Understanding Me

I can sometimes be an idiot. A real, full blown, fool of epic proportions. Usually about myself.

More accurately, my conscious mind can be an idiot, my sub-conscious is a lot better and just gets on with things without bothering to inform the rest of me.

When I was younger I was a member of online gay youth groups, was interested in gay issues, I was scared of telling people, I was fantasising about guys. Despite all that, it didn’t really click that I was gay until I saw Queer as Folk - 1999, I was 15. (Sadly, I then modelled myself after an even less confident Vince).

Somehow, one part of my mind seemed to be busy getting on with it just without nothing with waiting for the idiot part to catch up.

On Twitter, pointed out that the trans narrative is overwhelming based on “I always knew I was…”. That this narrative is dominant and can hinder understanding and acceptance.

I didn’t always know. I didn’t always know I was gay (and that identity has shifted and been challenged). I didn’t always know I was non-binary. I still don’t know I am anything.

When I came out to my mum she asked. I said “no”. I absolutely stand by my answer as I understood things at the time - a time when I understood only the gender binary. I knew then and know now that I’m not a woman.

If I’m not a woman, I must surely be a man. I didn’t much feel like a man, but I had (and still have) a penis, I had grown up as a boy and a young man. I never really examined it. I hated (and hate) my body, but that’s entirely down to Western beauty standards and my disdain for exercise.

Then I got to uni and started reading and learning more about queer. I stopped being afraid of it as it applied to my sexuality and applied it to myself politically - I hated the boxes, the prisons, of L, G and B.

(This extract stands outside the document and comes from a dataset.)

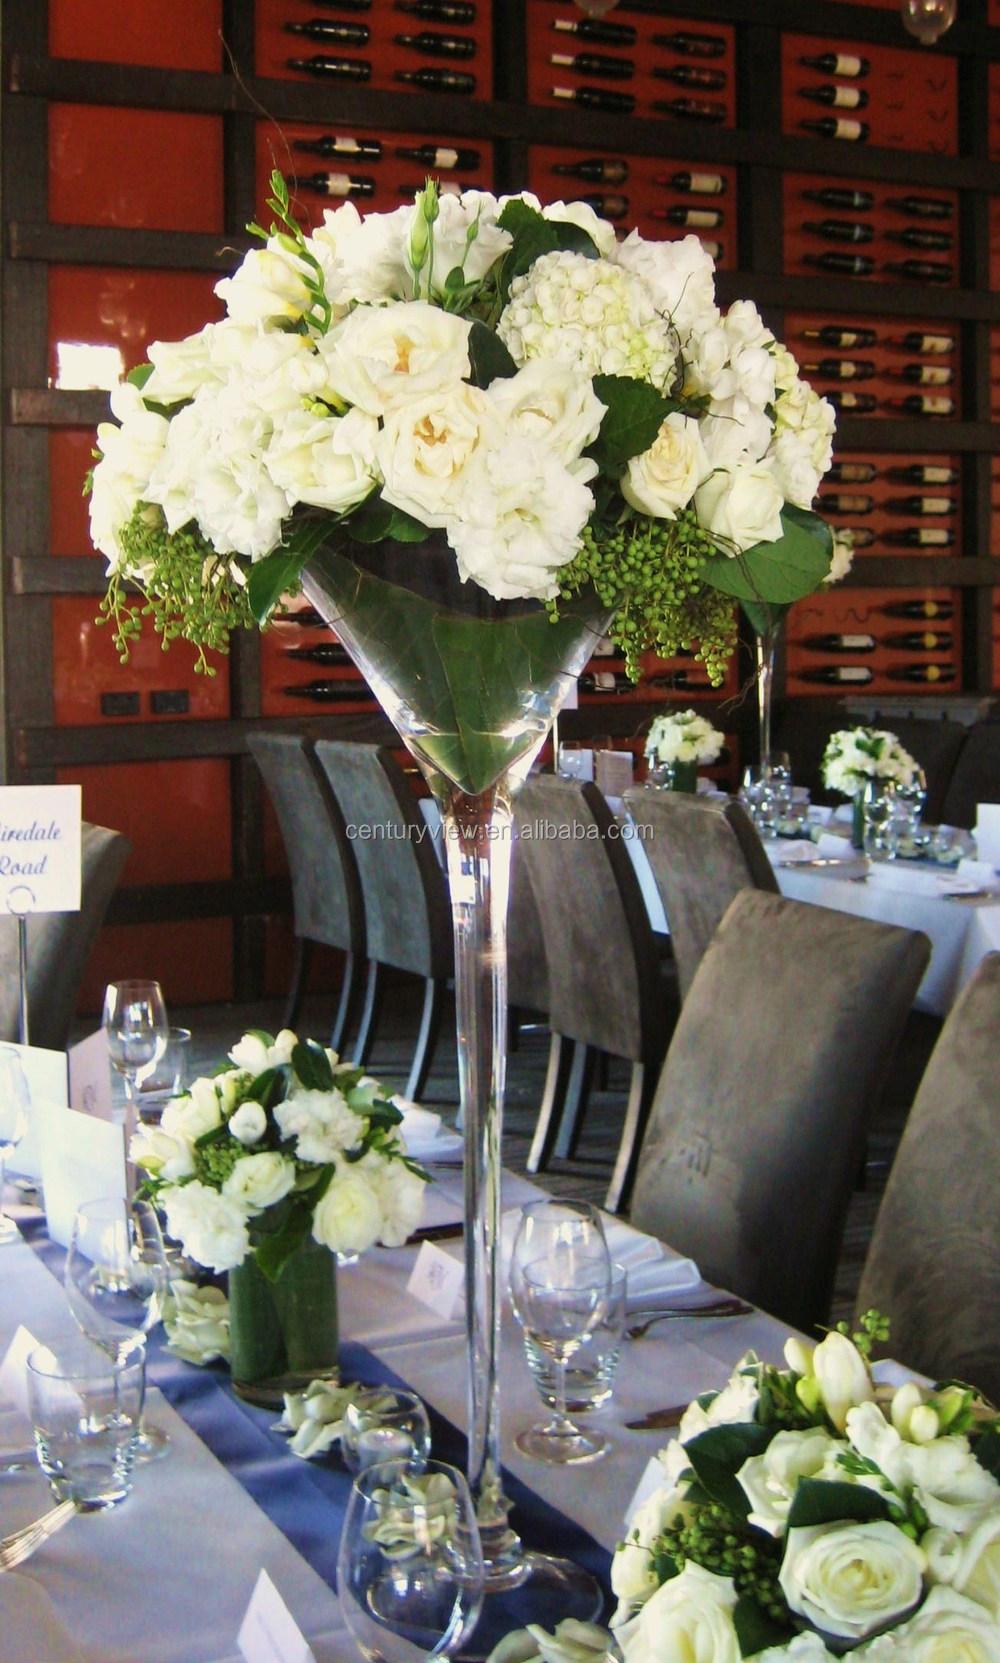 Long stemmed wholesale martini glass vases wedding

Through those books I discovered genderqueer. And my conscious mind filed it as “interesting, but not really relevant for you”. It was far too creative. And I felt I could never achieve a perceived necessary androgyny to pull it off.

I followed trans issues, vaguely and as an outsider. Then came Twitter and the chance to actually follow and understand the discussions.

And new vocabulary: Non-binary. But I still didn’t think it applied to me. I was still waiting.

Thankfully, during that time, my sub-conscious had not just been busy facepalming but was re-filing it all under “hey, dumbass, it’s you” and steaming forward and, in April 2014, the hashtag managed to trick the two parts of my mind into working together, and my sub-conscious mind gave my conscious mind a concept of - a space-time like “plane” distorted by gravity-wells around “male” and “female”. At the time I was feeling somewhat trapped by the well which was “male”, but the conscious part of my mind was starting to work out the fuel for the rocket that my sub-conscious mind had built.

And we arrive at now. A now where I accept that my gender presentation will not get past male (or male in a skirt/dress) but understand that I am not that. A now where I am asking people online to use they/them pronouns (oh, how I wish we used properly singular they - “they is…”) and am starting to discuss it with offline folks too. A now where I attended Kate Bornstein’s gender workshop and my gender wasn’t dismissed.

A now where I can say I didn’t always know. And even when I knew, I didn’t.

A now where, despite everything else in this blog, I still struggle to call myself trans.

There are a lot of things which got in my way - the perception of gender as a binary and strong linking of gender presentation and gender identity. But the “always knew” narrative, that’s the bit that makes me doubt, makes me struggle to identify as trans.

I’m writing this to give a different narrative. One where knowledge comes in dribs and drabs, in conscious epiphanies and sub-conscious slogs. A narrative where doubt overwhelms. A narrative where shifting language and communication allows better understanding.

We cannot hear the stories we do not tell. Those first stories of genderqueer I read were “always knew” stories. This narrative, this story is for those who may take some time to get there, for those who doubt, who don’t understand. One day things will click into place. There will be new language, new conversations, new understandings. There will be shifts and changes. You will be a new person, we will be new people. And some of us didn’t always know.

FWIW, my sub-conscious mind is still sending my conscious mind smug memos like "those feelings about genderqueer when you first met it - jealousy".